Ребенком я жила в постоянном состоянии повышенной тревоги. Я знала, что в глазах Оливии я была избранницей, а она, предположительно, была отверженной. Я получала отцовское одобрение, переполненная ужасом, что в один прекрасный день могу ненароком сделать что-нибудь кошмарно неправильное и мы с Оливией поменяемся ролями в его глазах.
Папа, однако, никогда не менял своего отношения. Он всегда любил меня, всегда одобрял то, что я делала, ценил мою работу, ему нравился мой образ жизни.
И никто, даже мама, не знал, что много лет назад я в одиночку выручила из беды его бизнес. Мы никогда не говорили об этом. Отец так мне за это и не отплатил.

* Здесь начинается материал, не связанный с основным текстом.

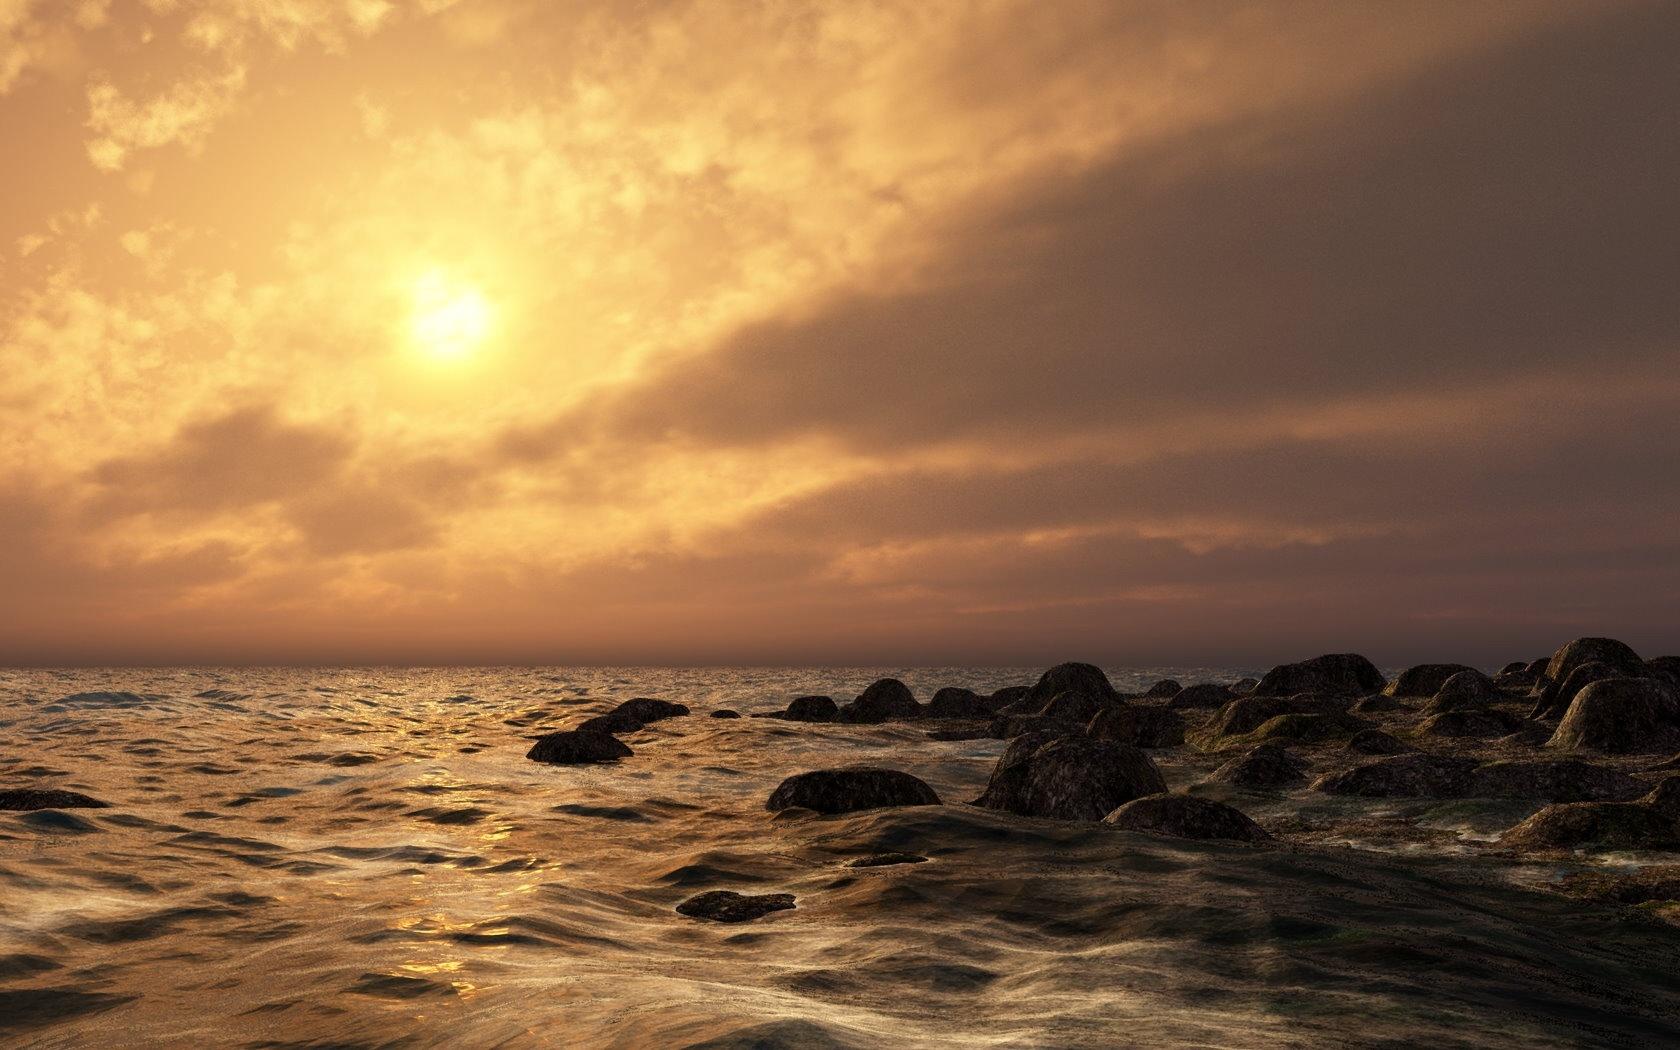 Evening sea nature 1680 x 1050 download close
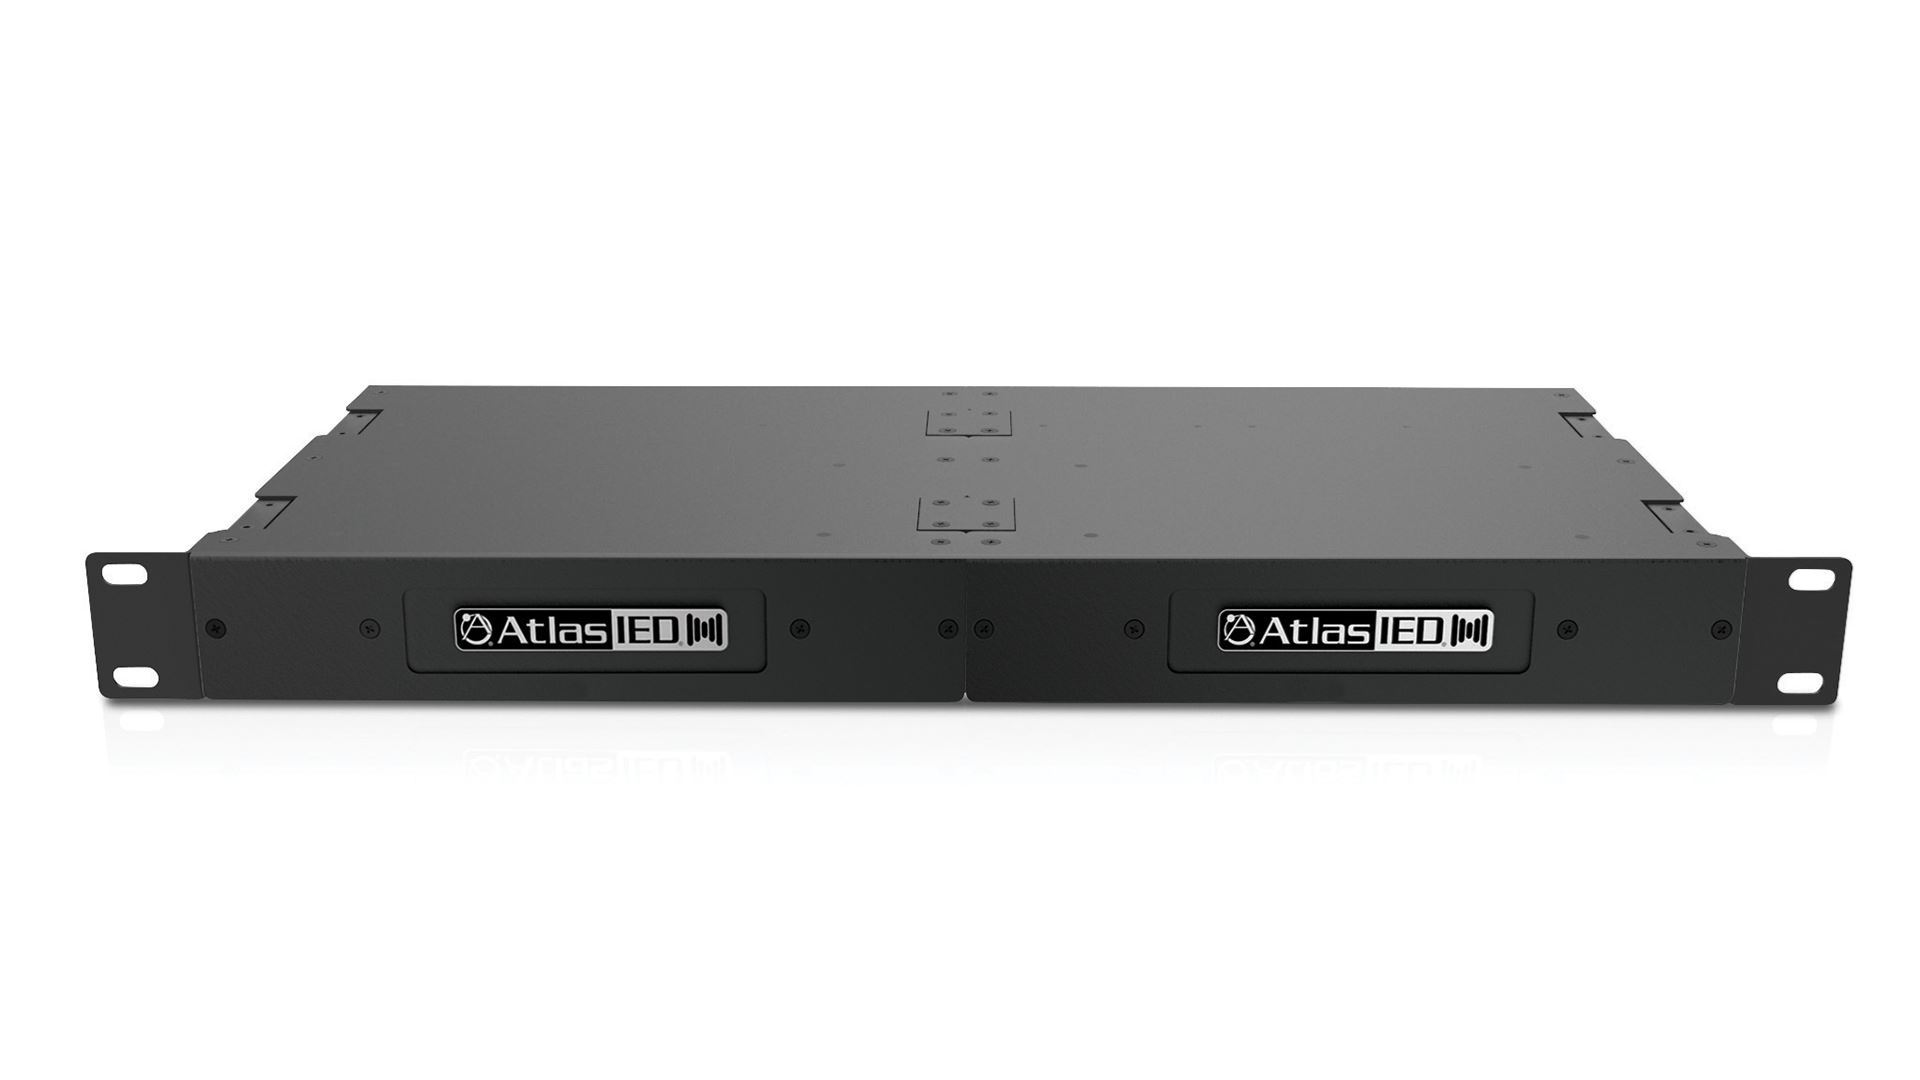 Poe Ip Addressable Digital To Analog Gateway W Line Level Out Telephone Wiring On Lju 2 3a Extension Socket Atlasied

И никто, даже он, не знал, что если бы я его не выручила, то не чувствовала бы сейчас беспокойство всякий раз, когда мне кажется, что кто-то наблюдает за мной. Папа никогда не спрашивал, откуда появились деньги; я же всегда предполагала, что его интуиция подсказала ему, что лучше этого не знать.
Я всегда сознавала, что когда-нибудь возмездие меня настигнет.
Посмотрев на сидящую напротив меня Оливию, на ее капризные губы и надутое лицо, я почувствовала, будто мне снова четырнадцать лет.
В тот день я, как всегда, вернулась из школы домой. Я никогда нигде не задерживалась, а благоразумно шла домой со своими благоразумными подругами, потому что, хотя папа был на работе, именно такого поведения он от меня ожидал. Подойдя к дому, я обошла его вокруг и вошла внутрь, по обыкновению через заднюю дверь.
– Я пришла, – крикнула я и поставила на огонь чайник, собираясь, как примерная девочка, организовать чаепитие. Достала кружку и жестянку с чайными пакетиками. – Ты хочешь чашку чаю? – предложила я.
– Да, пожалуйста, – раздался откуда-то мамин голос. Мы жили в Бромли, в доме, где по-прежнему живут мои родители, в уродливой постройке Эдвардианской эпохи. Снаружи он выглядел небольшим, но внутри был странно огромным. Я сделала нам обеим чай и отнесла свою кружку на кухонный стол, где начала делать домашнее задание.
– Чай в кухне! – крикнула я. – Принести его тебе?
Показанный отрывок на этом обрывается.